# MATERIAL FOR THE TASK
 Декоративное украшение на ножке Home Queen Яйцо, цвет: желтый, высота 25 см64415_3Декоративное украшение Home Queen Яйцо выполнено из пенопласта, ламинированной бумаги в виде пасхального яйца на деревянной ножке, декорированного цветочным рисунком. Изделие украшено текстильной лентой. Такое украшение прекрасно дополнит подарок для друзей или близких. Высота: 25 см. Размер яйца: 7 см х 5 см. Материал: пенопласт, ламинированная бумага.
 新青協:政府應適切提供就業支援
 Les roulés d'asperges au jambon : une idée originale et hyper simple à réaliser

--

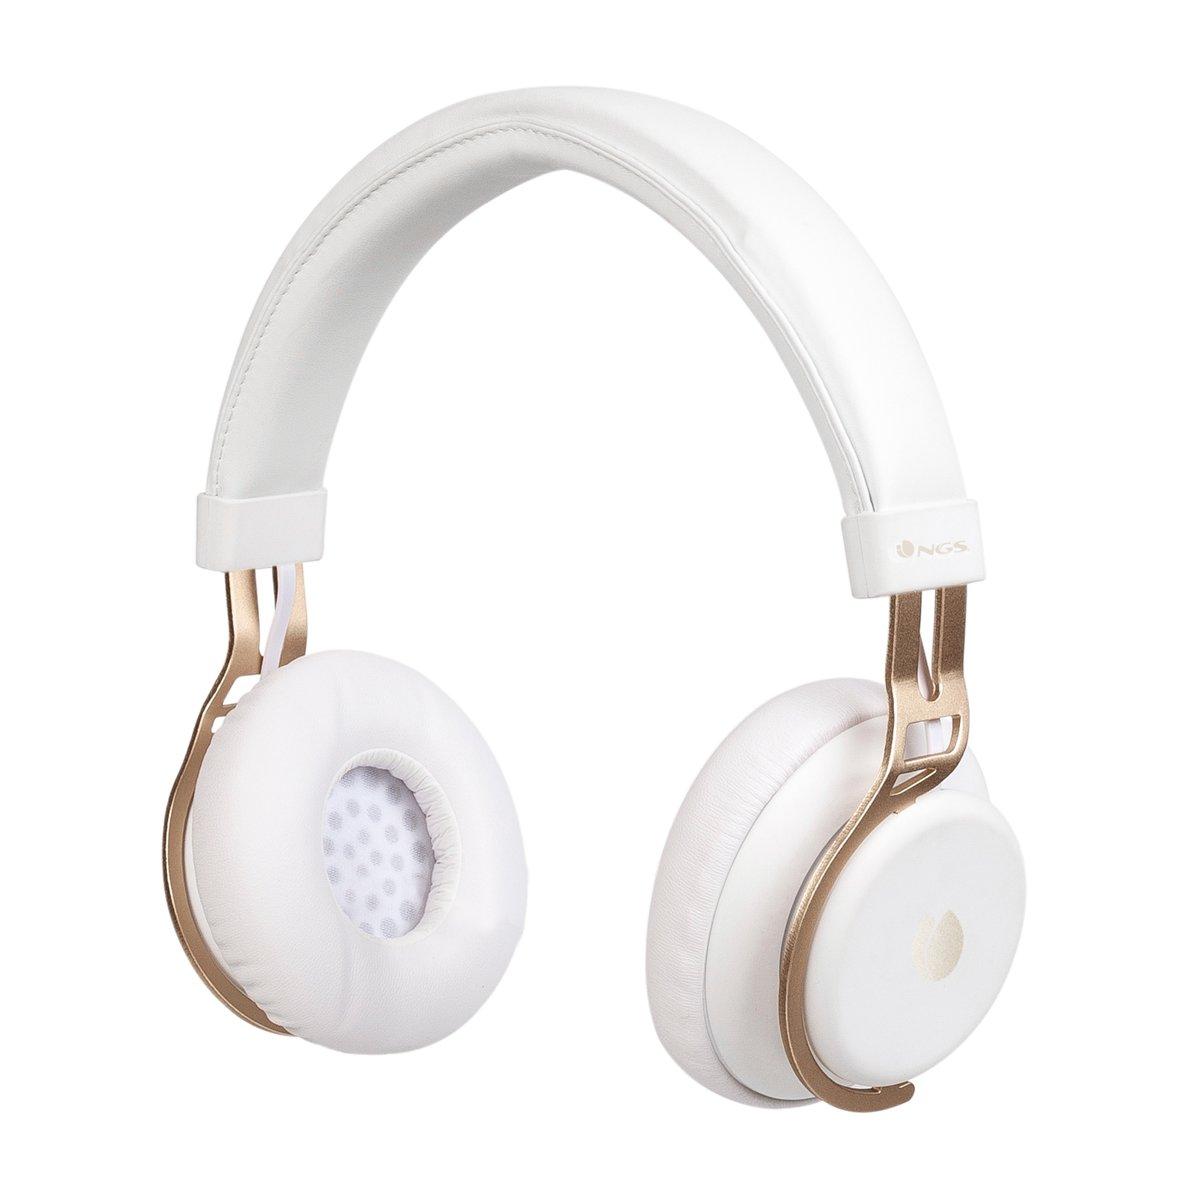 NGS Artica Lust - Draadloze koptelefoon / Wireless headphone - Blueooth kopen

--

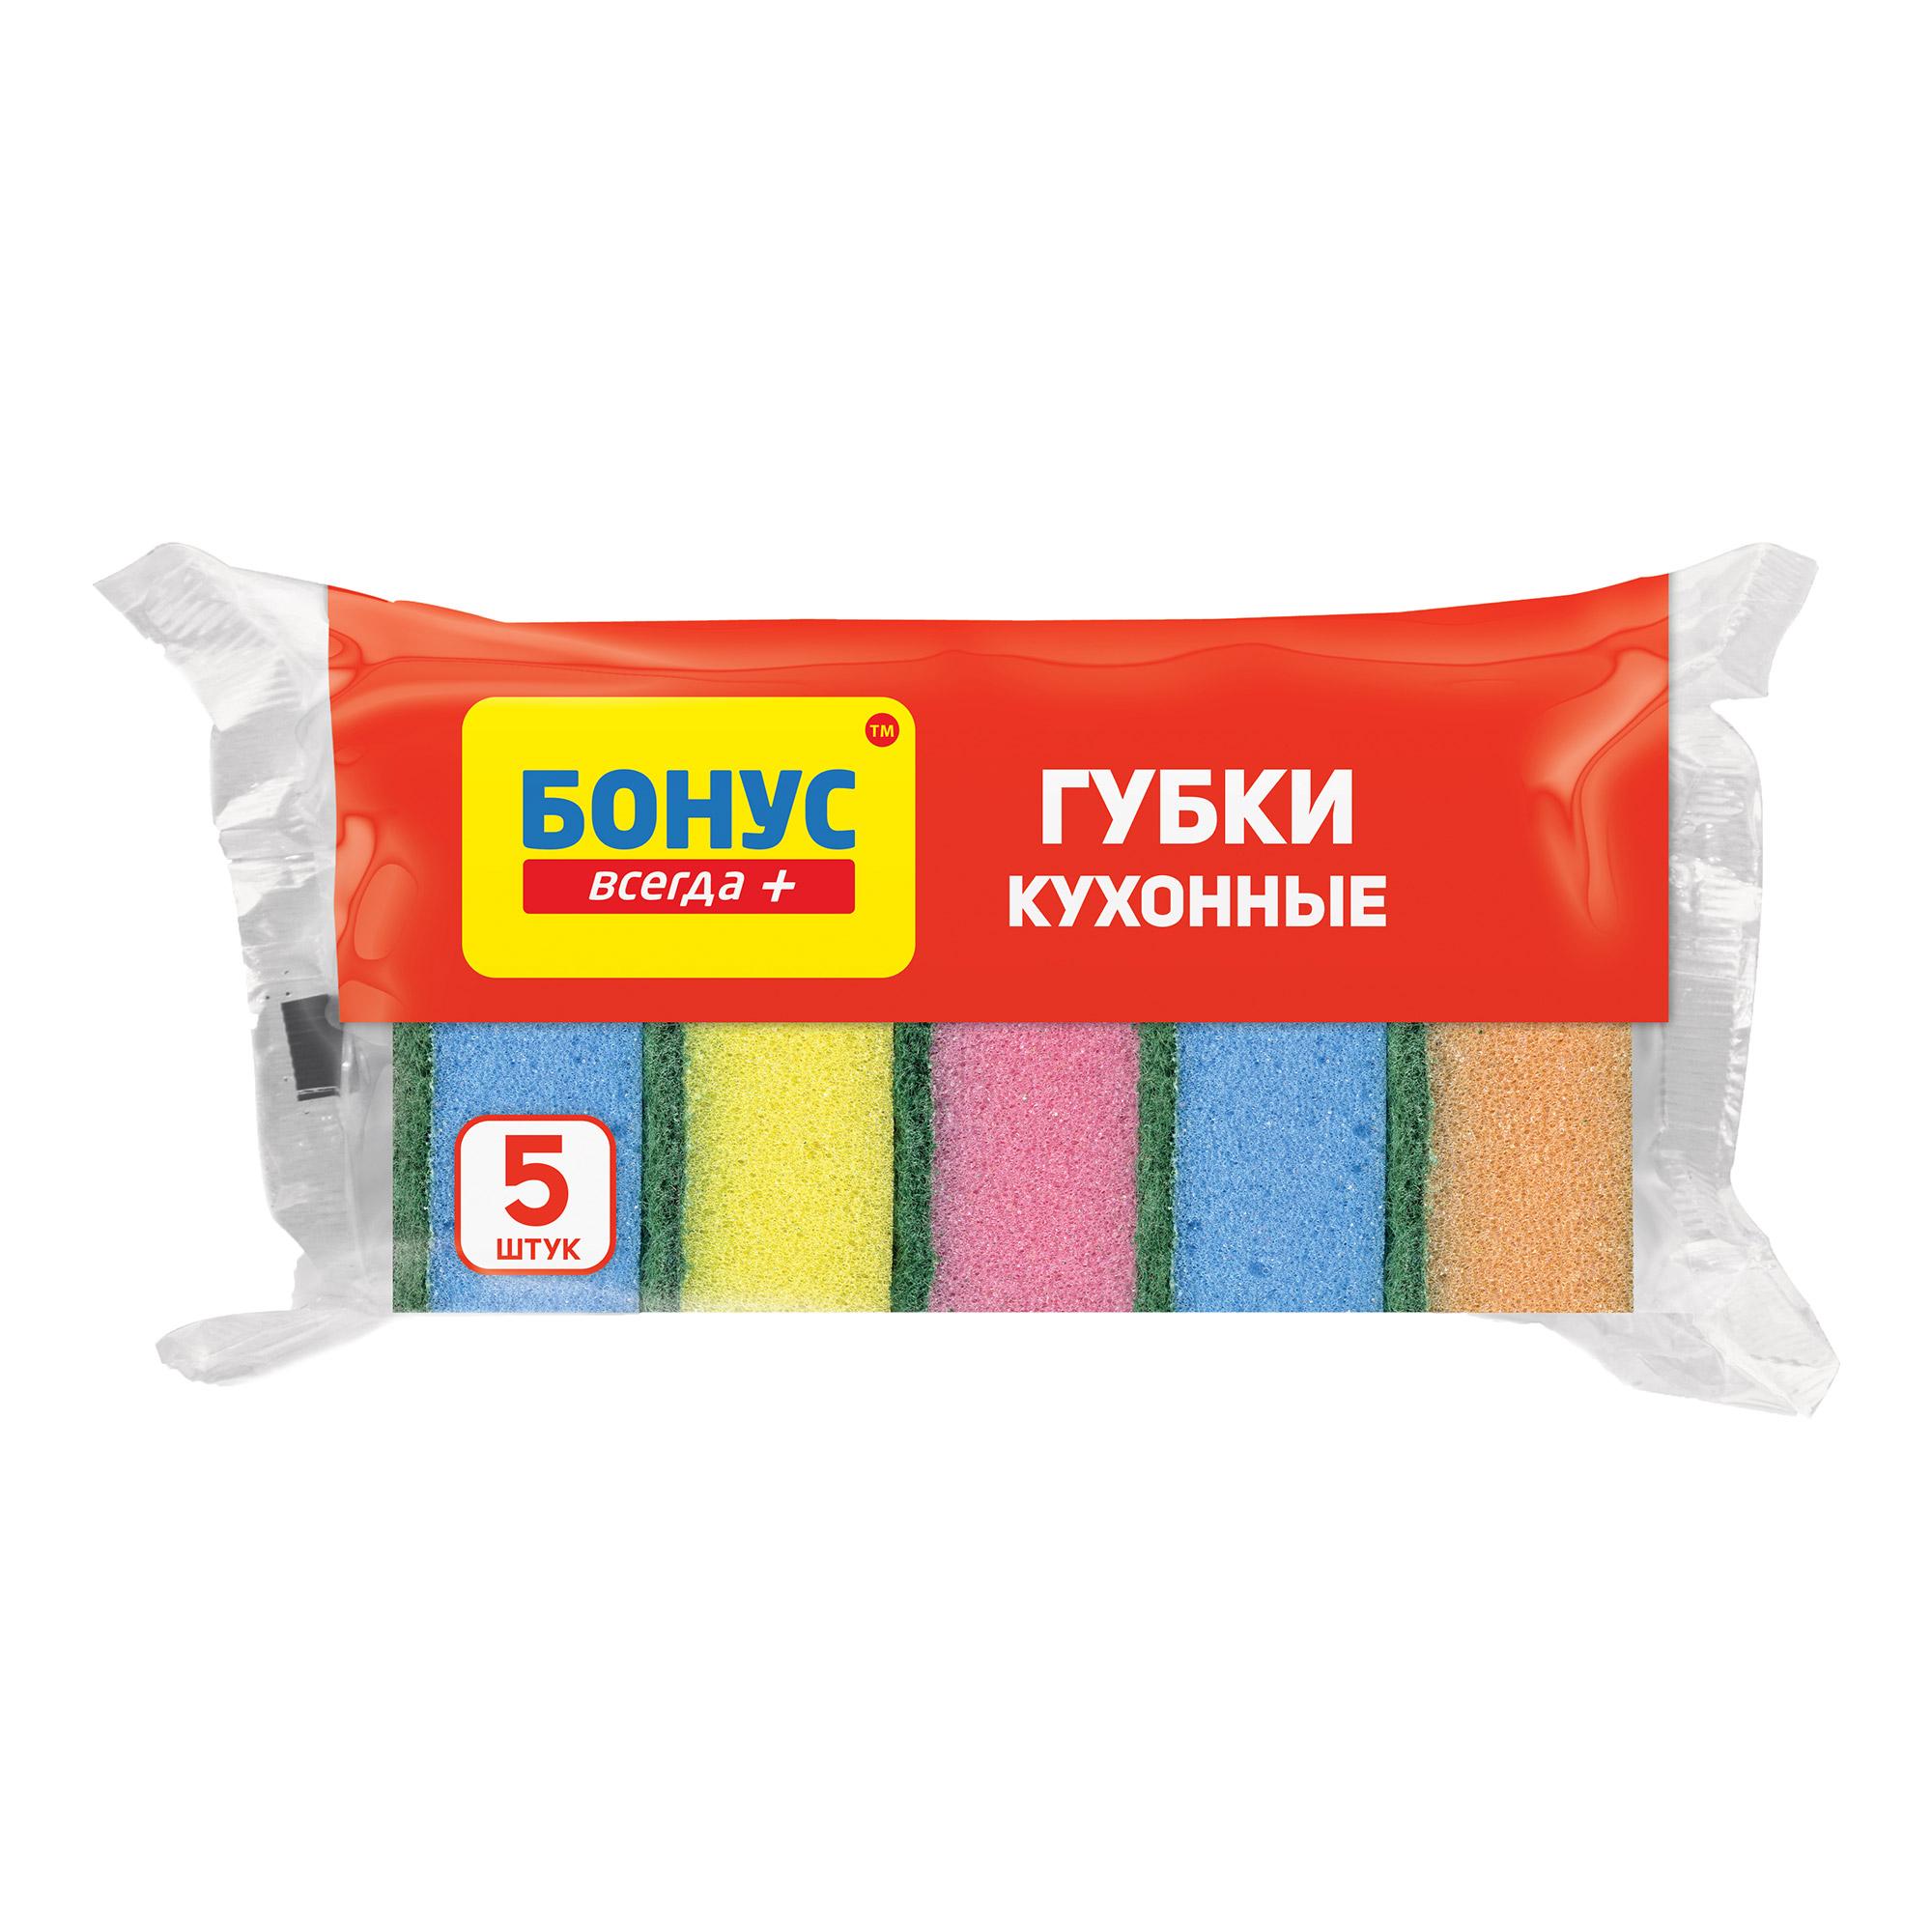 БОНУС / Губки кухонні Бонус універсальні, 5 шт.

# YOUR ASSIGNMENT
Starting with the line with "新青協:政府應適切提供就業支援" above and going on through the line with "Les roulés d'asperges", transcribe every line exactly, both ends included, and add nothing.

# TASK RESPONSE
 新青協:政府應適切提供就業支援
 Les roulés d'asperges au jambon : une idée originale et hyper simple à réaliser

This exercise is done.